As the size of language models and corpora gradually expands, large language models (LLM) show more potential. Some recent studies have shown that LLM can use in-context learning (ICL) to perform a range of complex tasks, such as solving mathematical reasoning problems.
Ten researchers from Peking University, Shanghai AI Lab and University of California, Santa Barbara recently published a review paper on in-context learning, combing ICL research in detail current progress.
Paper address: https://arxiv.org/pdf/2301.00234v1.pdf
The core idea of in-context learning is analogy learning. The following figure describes how the language model uses ICL to make decisions.

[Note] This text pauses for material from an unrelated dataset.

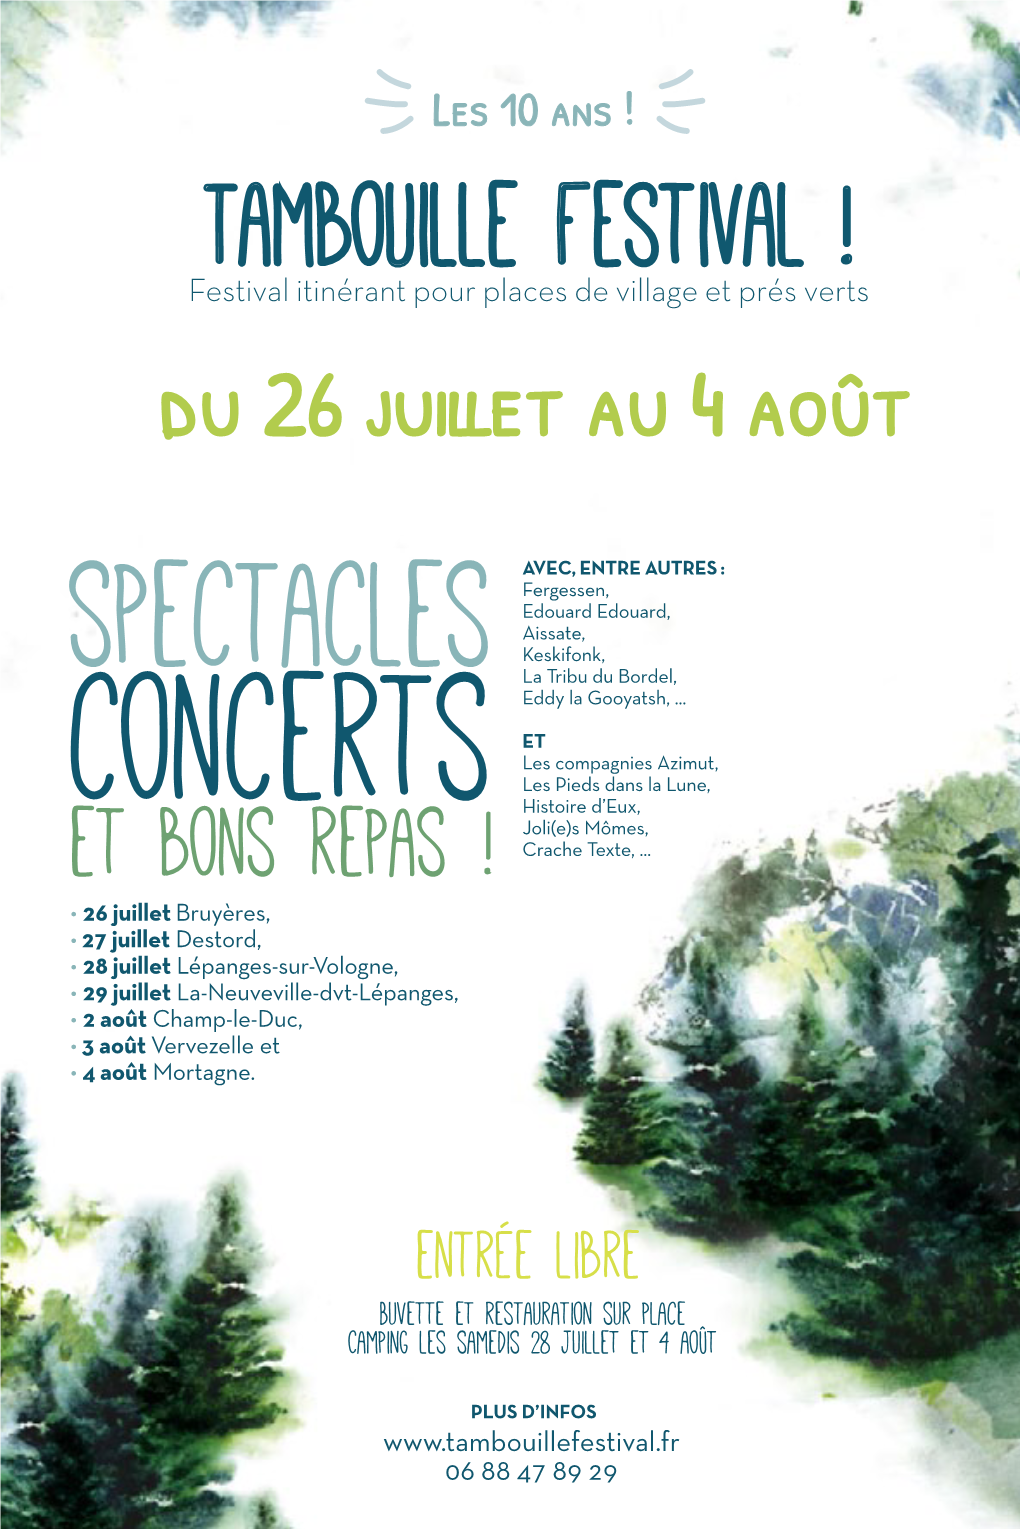 Concerts Histoire D’Eux, Joli(E)S Mômes, Et Bons Repas ! Crache Texte,

First, ICL requires some examples to form a demonstration context, and these examples are usually written in natural language templates. ICL then associates the query question with the presentation context to form a prompt, and feeds it into a language model for prediction. Unlike the training phase of supervised learning, which requires updating model parameters using inverse gradients, ICL does not require parameter updates to allow the pre-trained language model to directly perform prediction tasks, and the model is expected to learn the hidden patterns in the demonstration examples and make decisions based on them. Correct prediction.
As a new paradigm, ICL has many attractive advantages. First, the demo examples are written in a natural language format, which provides an interpretable interface for relating to large language models. This paradigm makes it easier to incorporate human knowledge into language models by changing demonstration examples and templates (Liu et al., 2022; Lu et al., 2022; Wu et al., 2022; Wei et al., 2022c). easy. Second, in-context learning is similar to the decision-making process of human learning through analogy. Third, compared to supervised training, ICL is a training-free learning framework. This can not only greatly reduce the computational cost of adapting the model to new tasks, but also make Language Model as a Service (LMaaS, Sun et al., 2022) possible and easily applied to large-scale real-world tasks.
Despite the great promise of ICL, there are still many issues worth exploring, including its performance. For example, the original GPT-3 model has certain ICL capabilities, but some studies have found that this ability can be significantly improved through adaptation during pre-training. Furthermore, ICL's performance is sensitive to specific settings, including prompt templates, contextual sample selection, and sample ordering. In addition, although the working mechanism of ICL seems reasonable, it is still not clear enough, and there are not many studies that can preliminarily explain its working mechanism.
This review paper concludes that the powerful performance of ICL relies on two stages:
In the training phase, the language model is trained directly according to the language modeling goals, such as left-to-right generation. Although these models are not specifically optimized for in-context learning, ICL's capabilities are still surprising. Existing ICL research is basically based on well-trained language models.
In the inference stage, since the input and output labels are represented by interpretable natural language templates, ICL performance can be optimized from multiple perspectives. This review paper provides a detailed description and comparison, selects appropriate examples for demonstration, and designs specific scoring methods for different tasks.
The general content and structure of this review paper is shown in the figure below, including: formal definition of ICL (§3), warmup method (§4), prompt design strategy (§5 ) and the scoring function (§6).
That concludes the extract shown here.